Размечтались мы о правде, разохотились до чести, переполнены газеты исцеляющей бедой. И сидит историк тихий на своем доходном месте, со страниц чужие слезы выметая бородой. И стоят дома большие, где в огромных картотеках прибавляется фамилий, прибавляется имен. Что сказал, что спел когда-то, все до буквы, как в аптеке, в эти клетки самый грустный, самый честный занесен.

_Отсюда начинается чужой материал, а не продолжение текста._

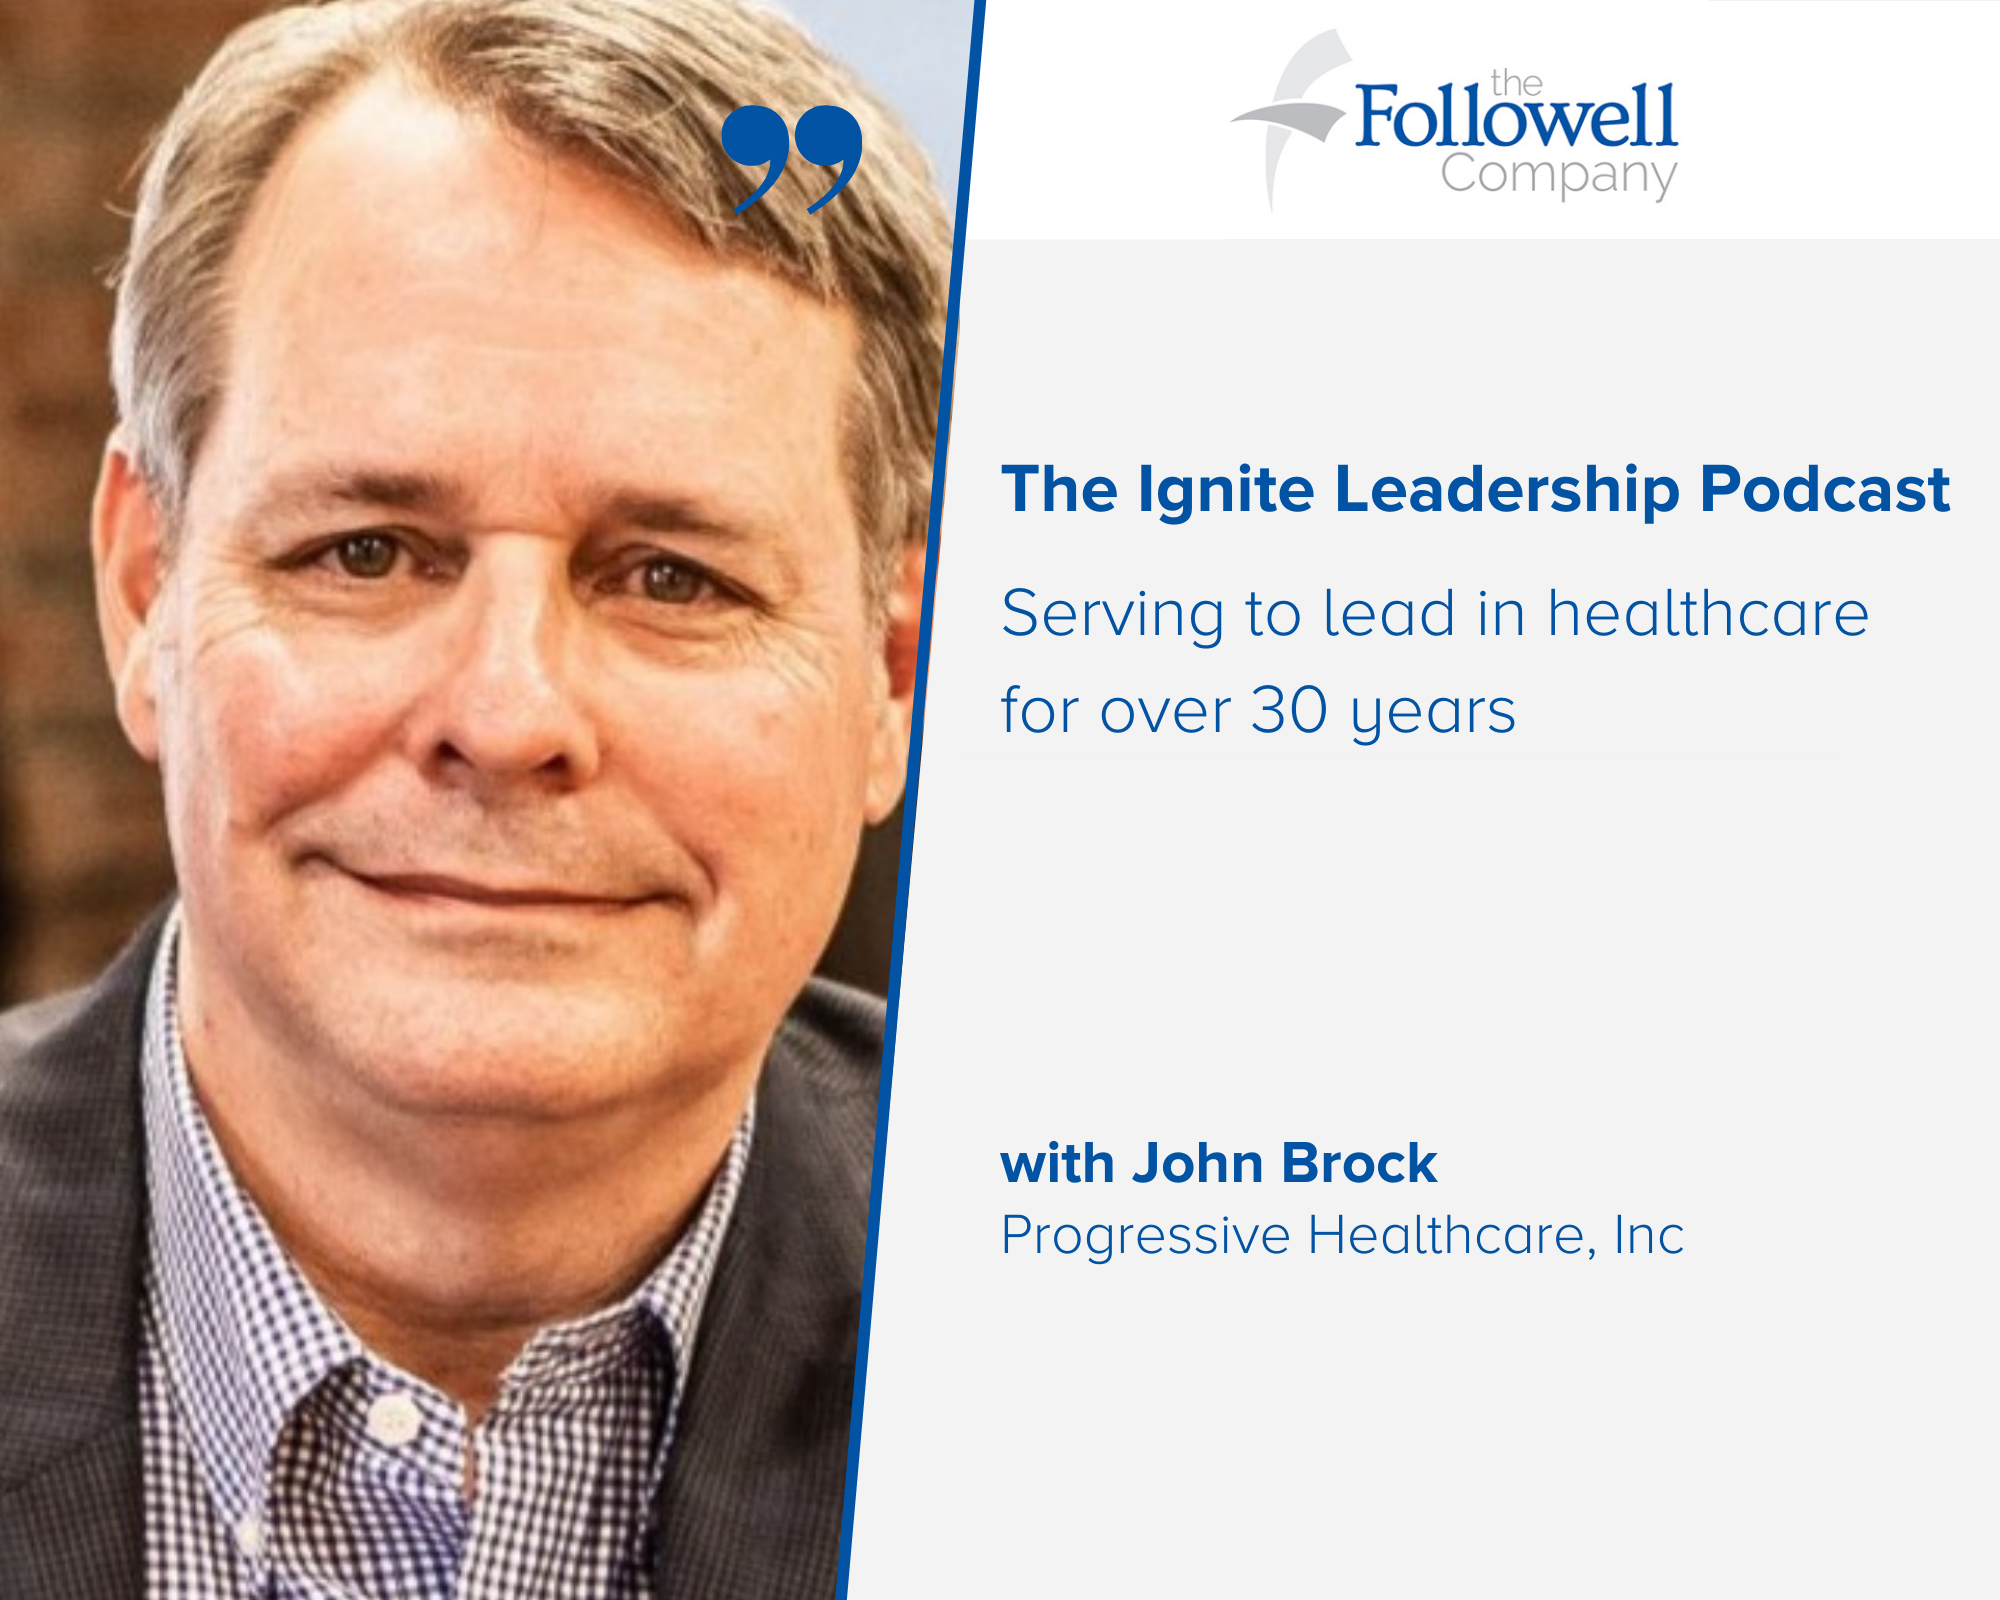 Picture of John Brock, Director at Progressive Healthcare, Brentwood TN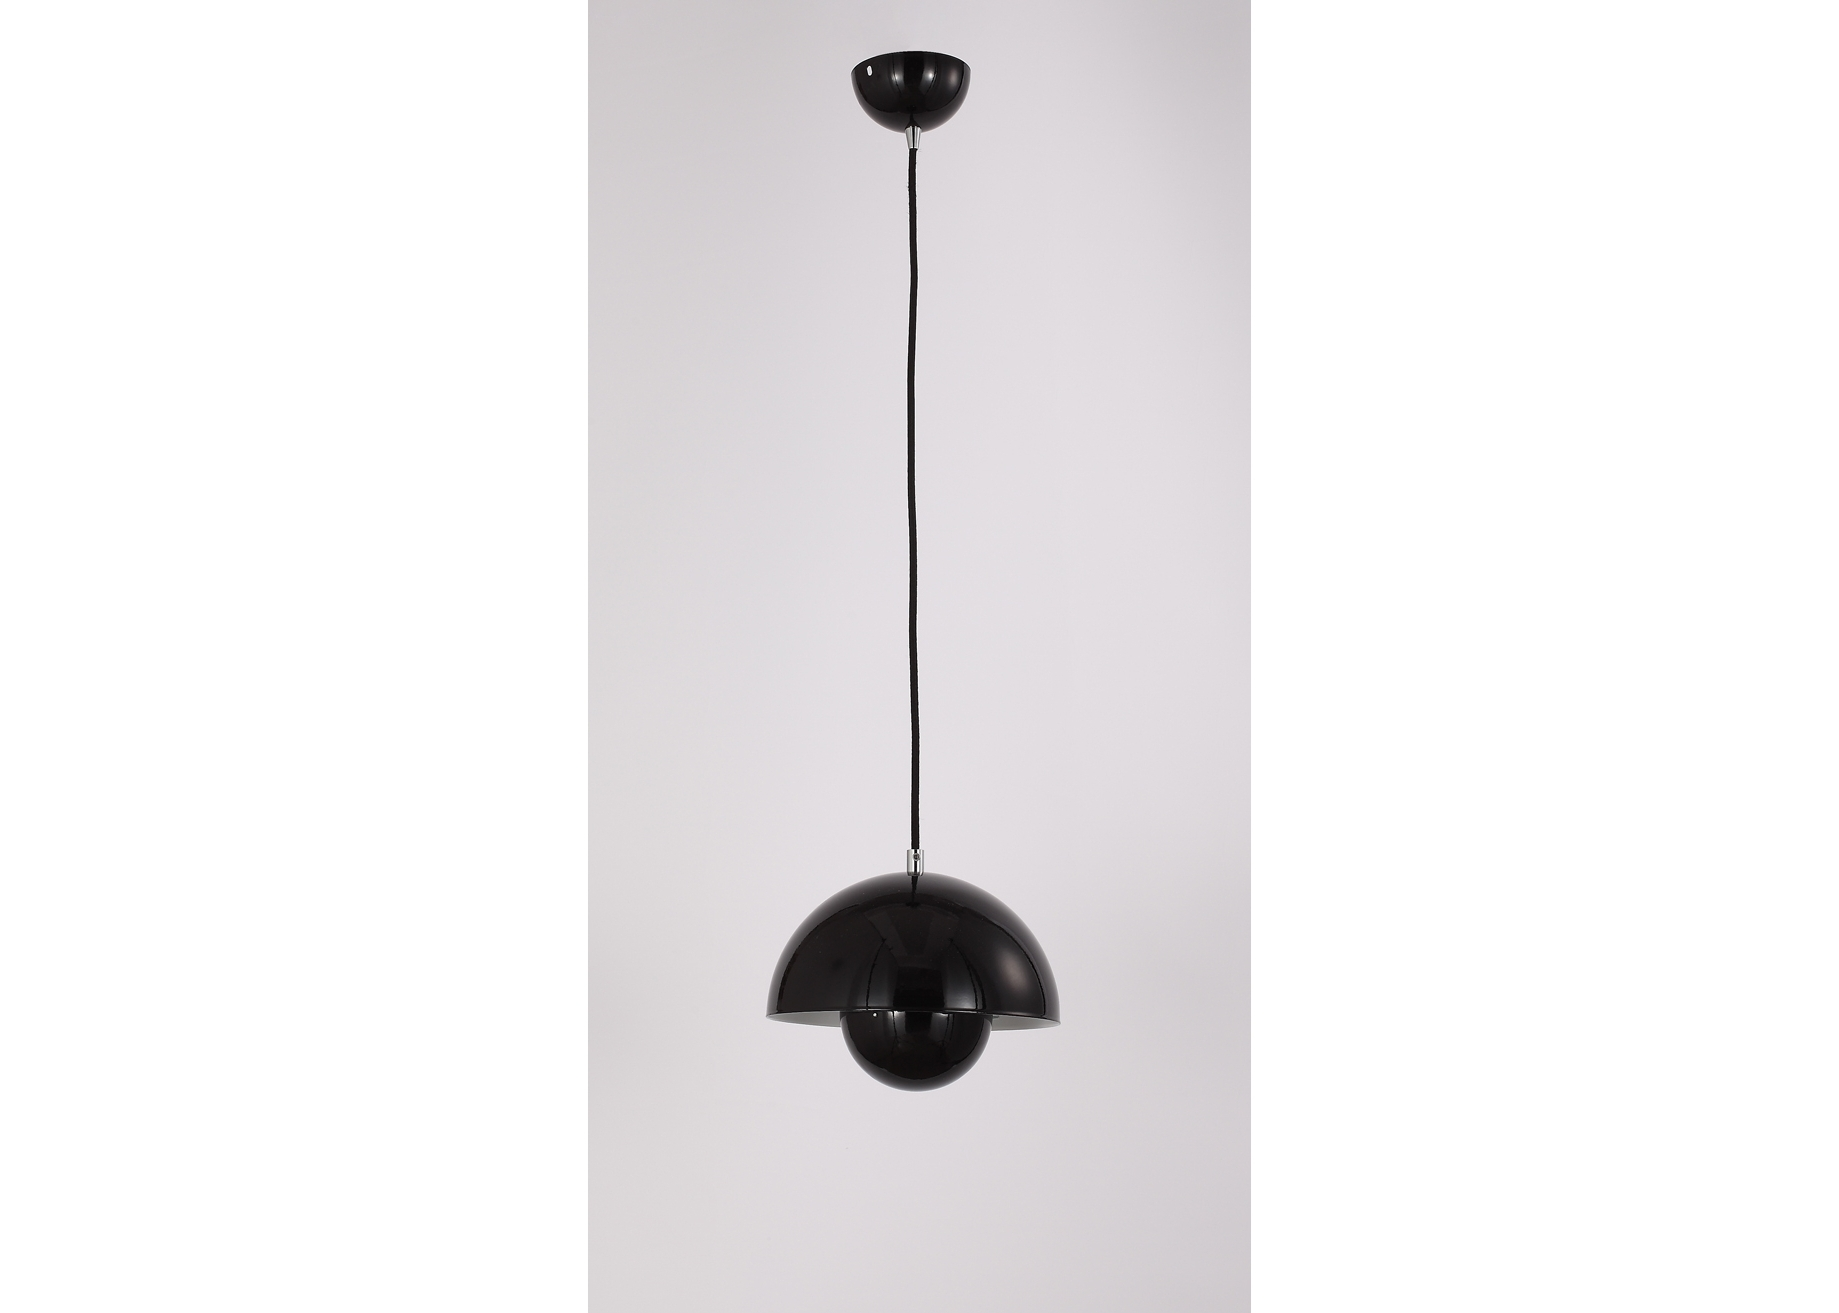 Подвесной светильник NarniПодвесные светильники<br>Материал: Металл<br>Design by Ketty Smith USA<br>Источник света: 1*60W (E27)<br>Особенности:<br>  а) Алюминий<br>  b) Цвет Black&amp;amp;nbsp;<br><br>Material: Металл<br>Height см: 50<br>Diameter см: 23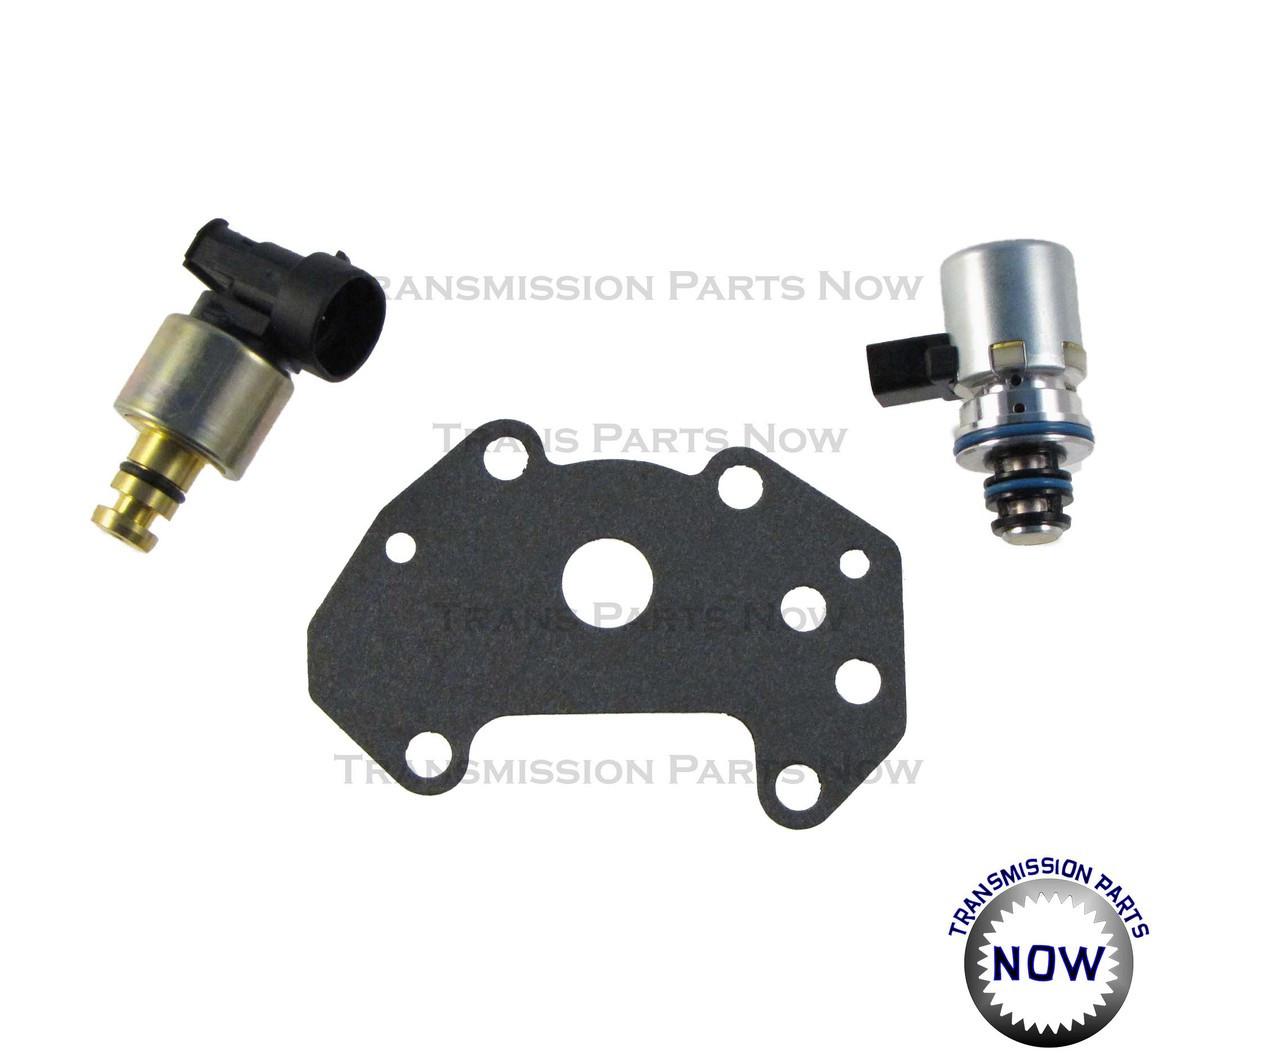 A500 A518 42RE 46RE Governor Pressure Sensor Solenoid Kit for 96-99 Dodge Jeep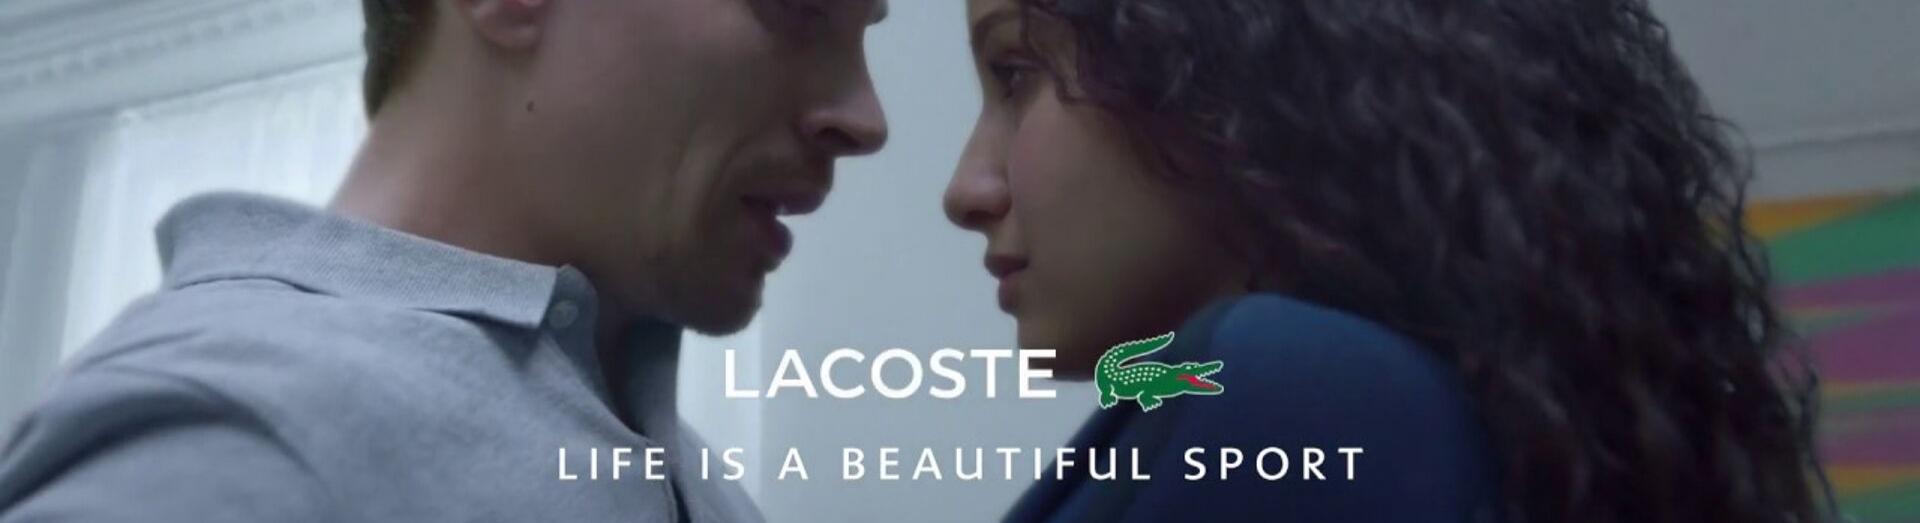 Lacoste - Crocodile Inside

И стоят дома поменьше, где приказчики культуры и чиновники от прозы и поэзии корпят, и вершат судьбою духа сторожа номенклатуры, в инженеры душ наметив поухватистей ребят. Шахиншахские приходы за вранье в стихах и прозе охраняют от огласки через главное бюро... Не коснется свежий ветер подмосковных мафиози. С переделкинских маршрутов безнадежен поворот.
И дома другого сорта понаставлены по свету, где во чреве бюрократов спят параграфы речей, где у них за преступленья отбирают партбилеты индульгенции на подлость и повадки палачей. И дома пажей болтливых, бессердечных, твердолобых, где из мальчика с румянцем лепят хитрого жреца, где готовится замена умирающим набобам, чтоб властительная серость не увидела конца.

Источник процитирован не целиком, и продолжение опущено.